STORED DATA:
---------------

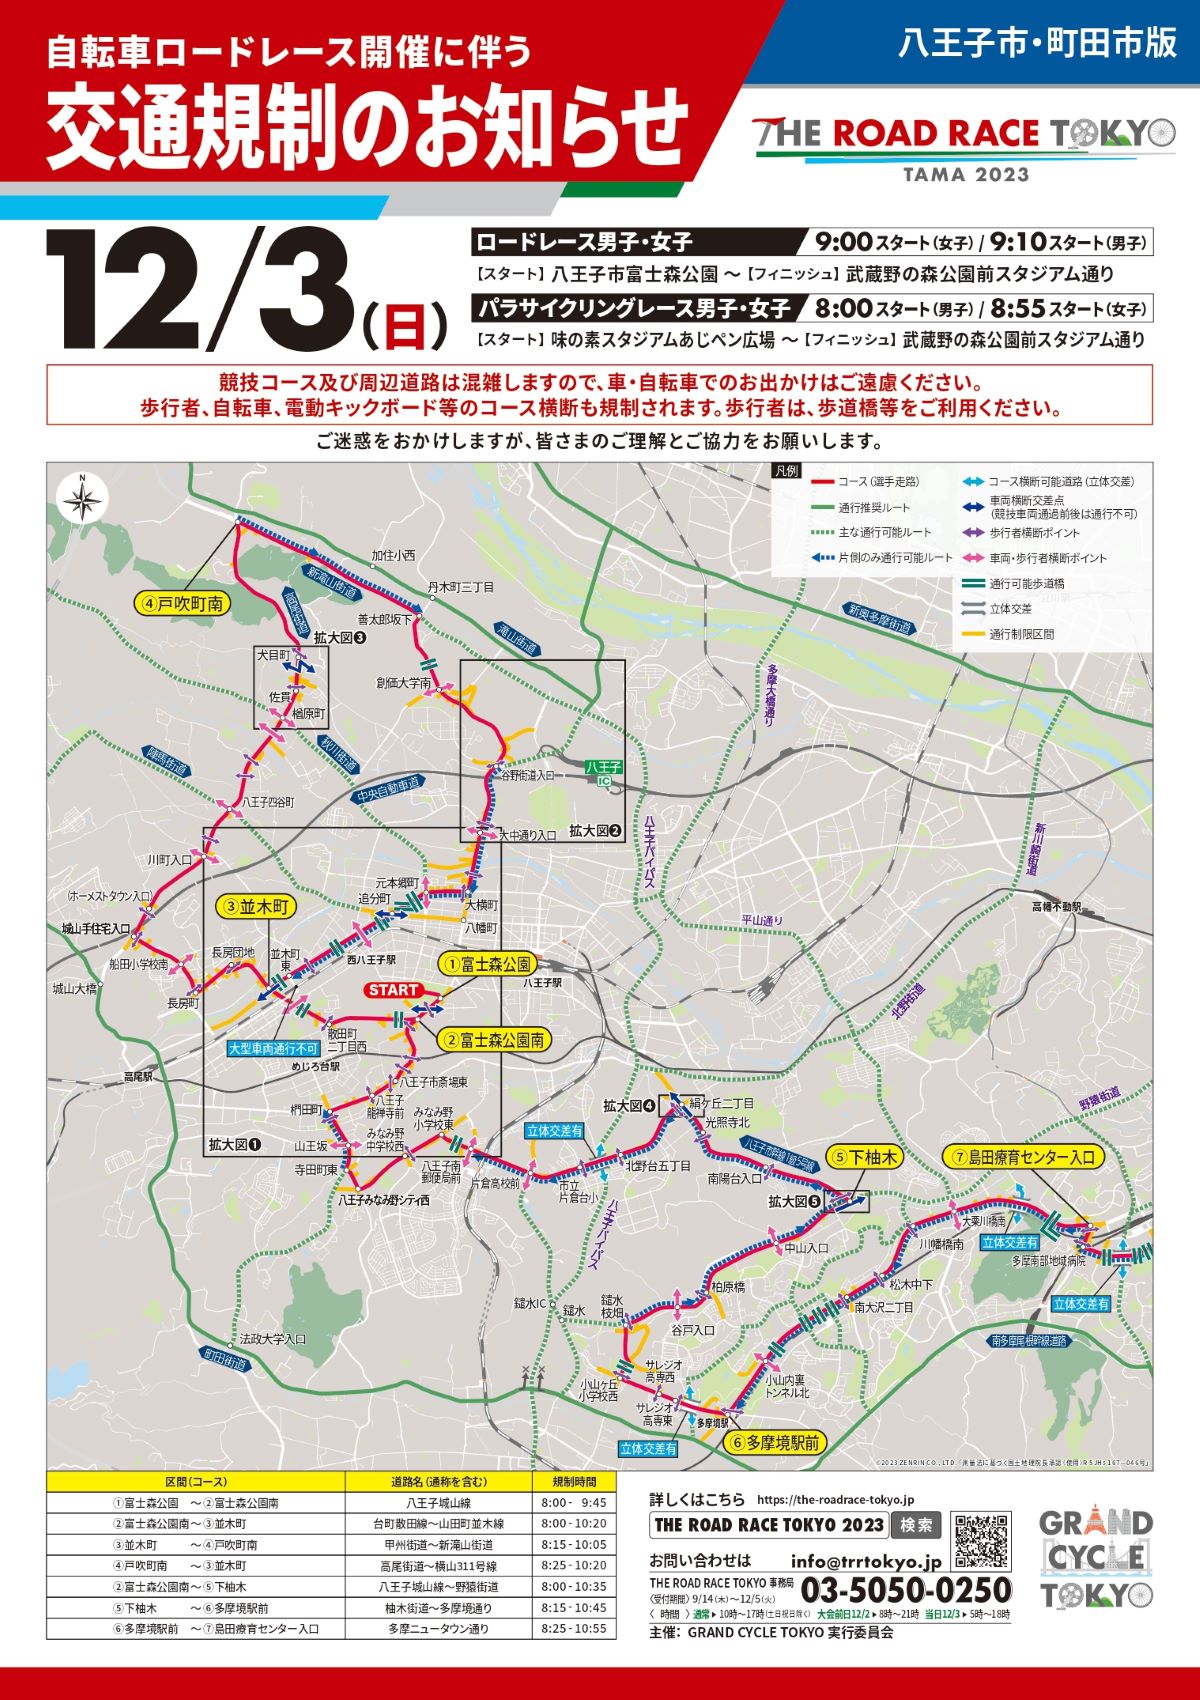 ロードレース東京・多摩 2023 交通規制図 八王子市・多摩市
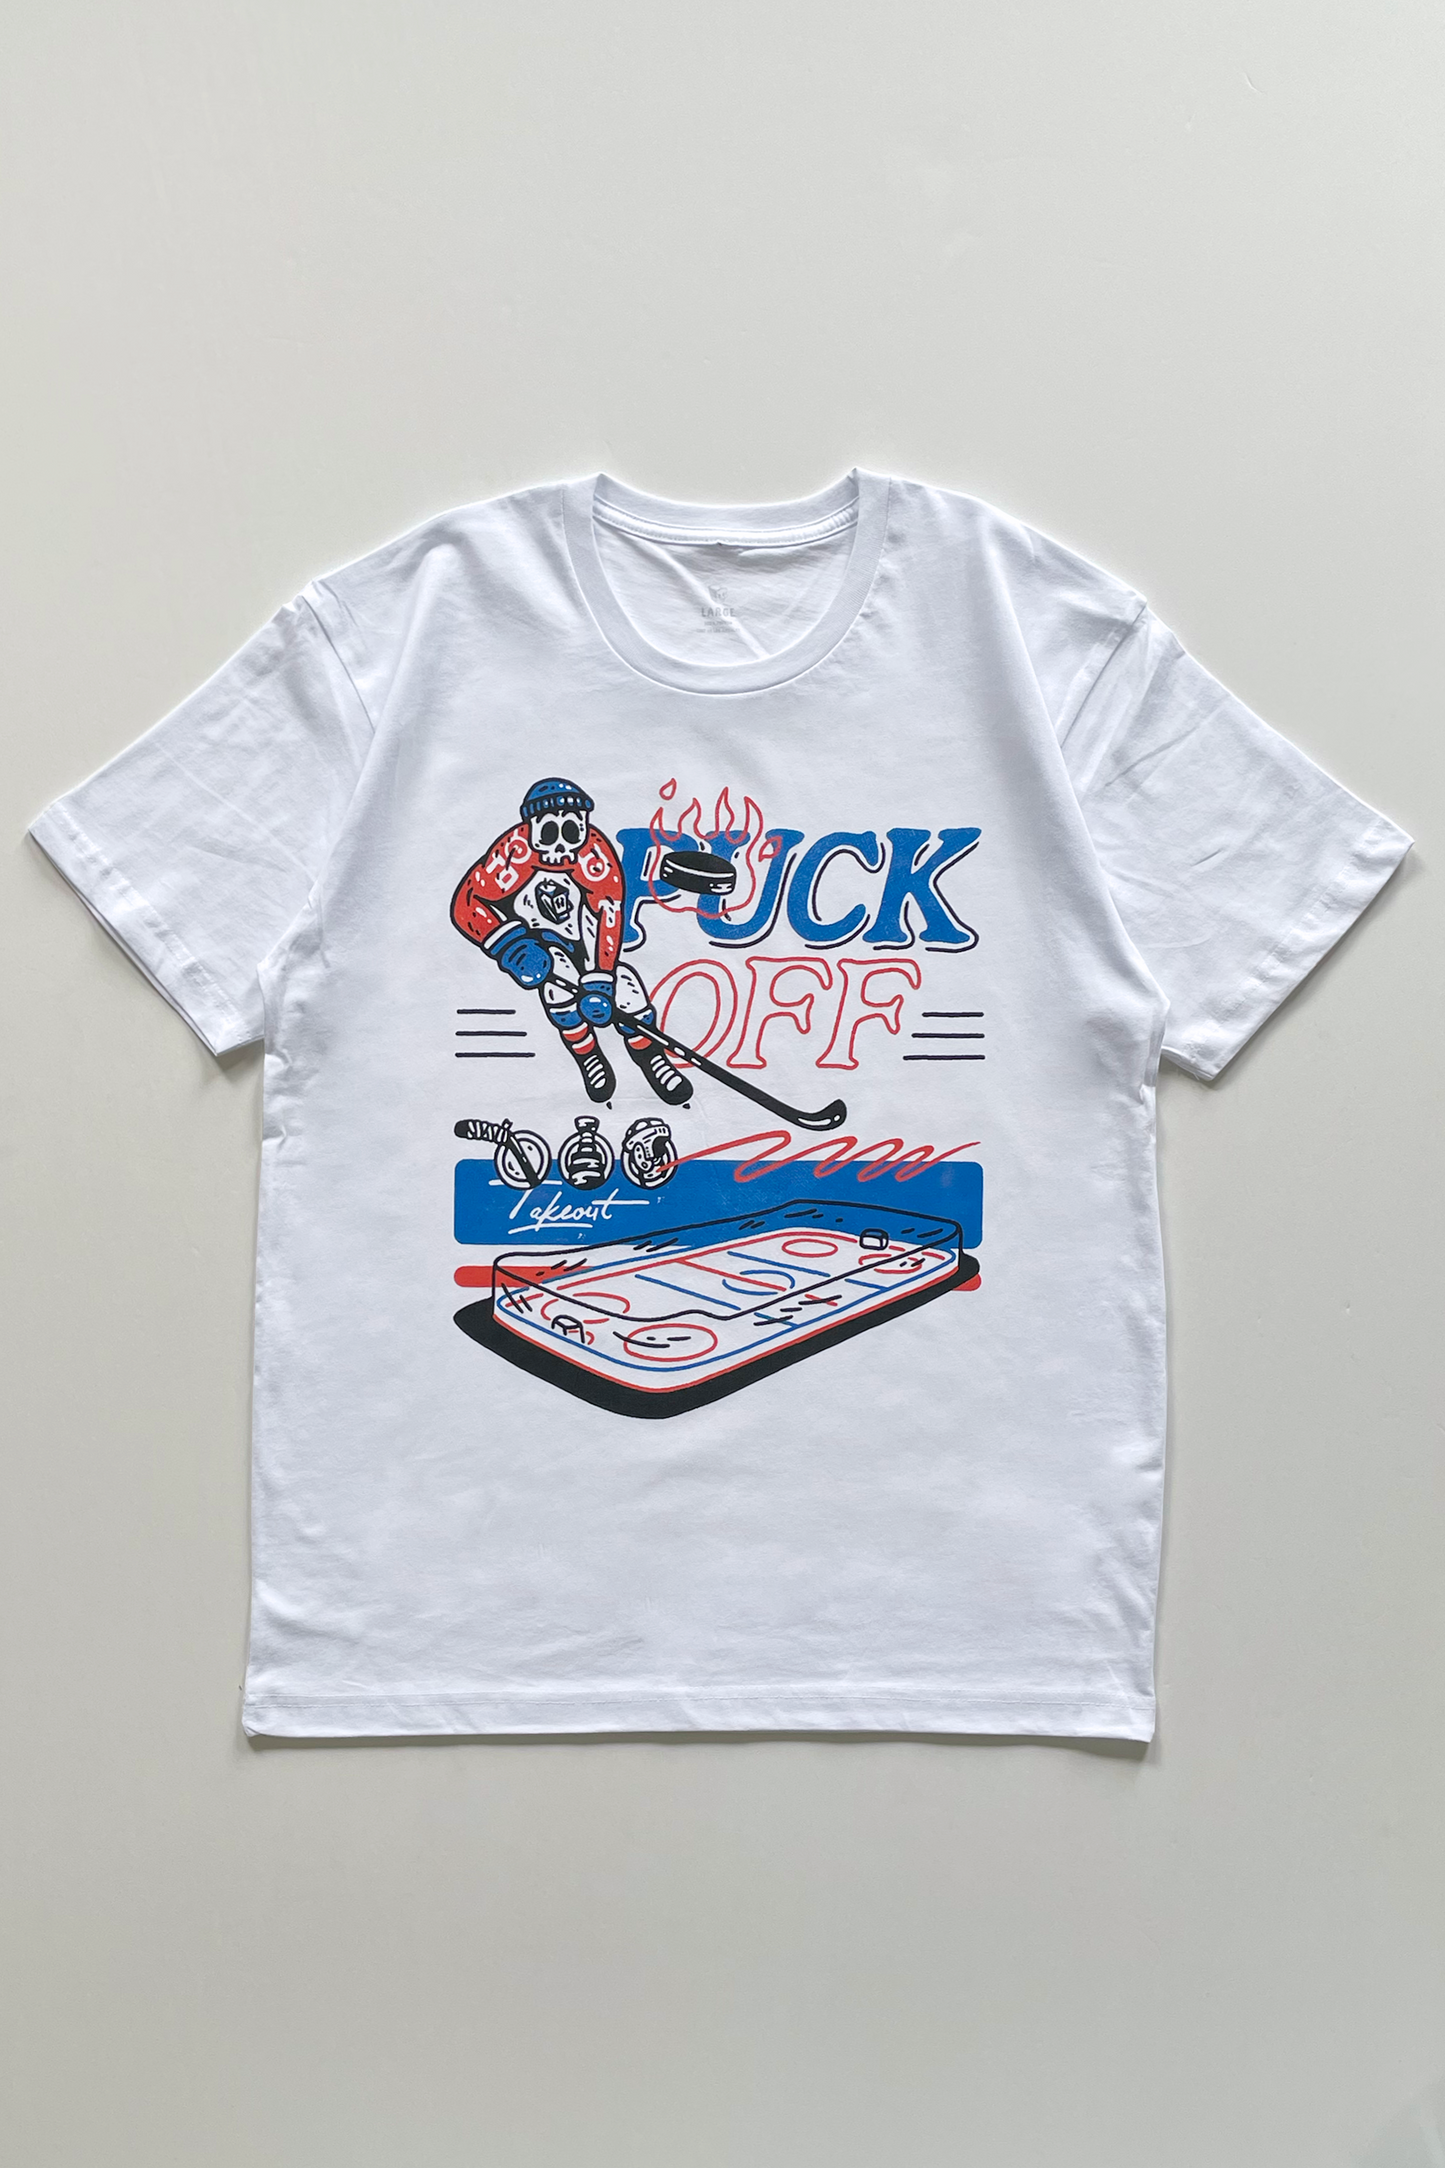 Puck Off T-shirt
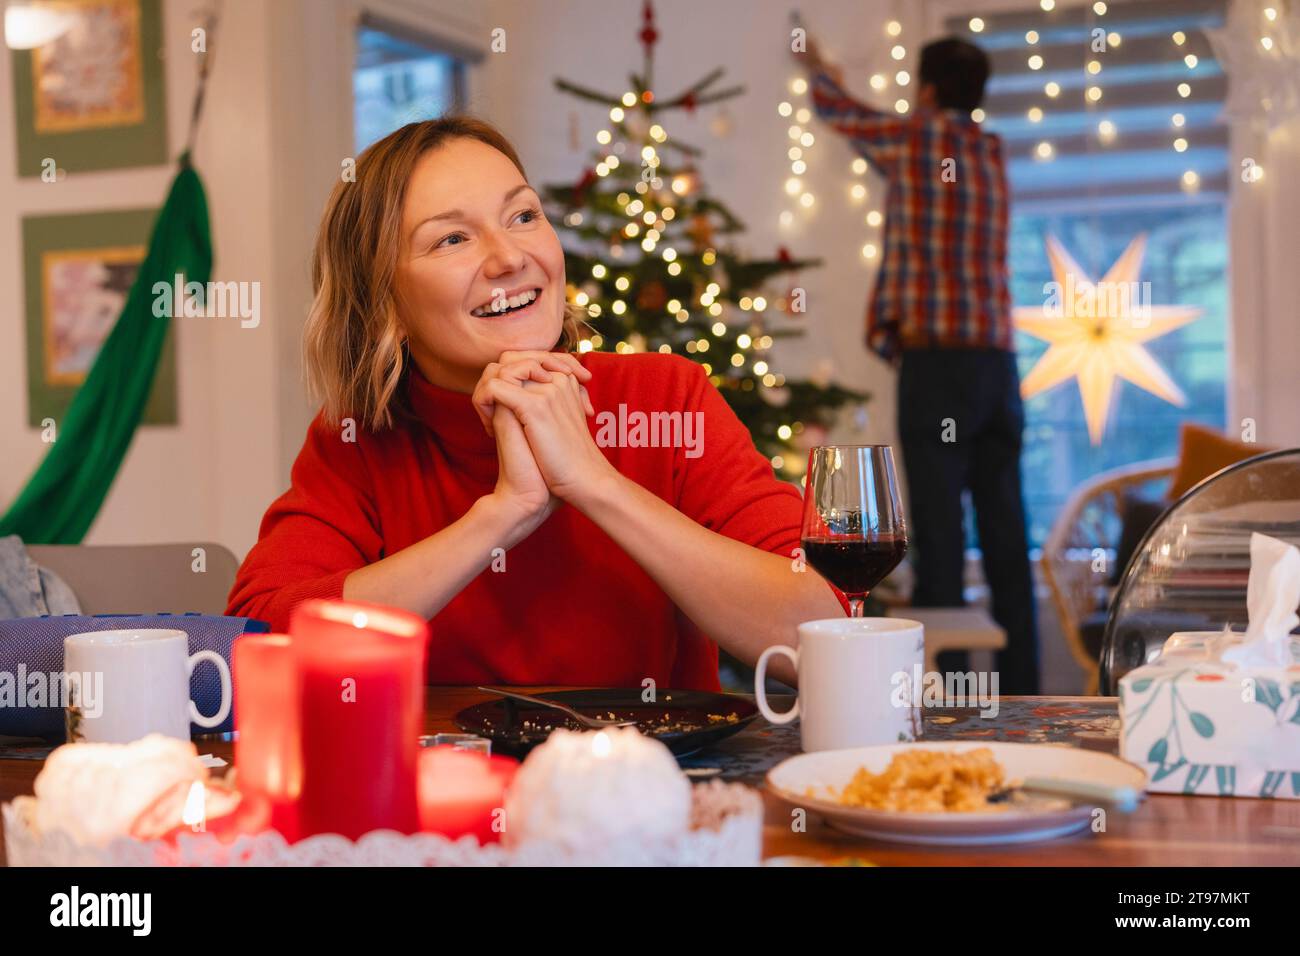 Glückliche Frau mit gefesselten Händen, die während der Weihnachtsfeier am Esstisch sitzt Stockfoto

---------------

WORK REQUIRED: Would you repeat the material exactly, keeping out any pictures?

TASK ANSWER:
 ロードレース東京・多摩 2023 交通規制図 八王子市・多摩市
 Puck Off T-shirt
 Glückliche Frau mit gefesselten Händen, die während der Weihnachtsfeier am Esstisch sitzt Stockfoto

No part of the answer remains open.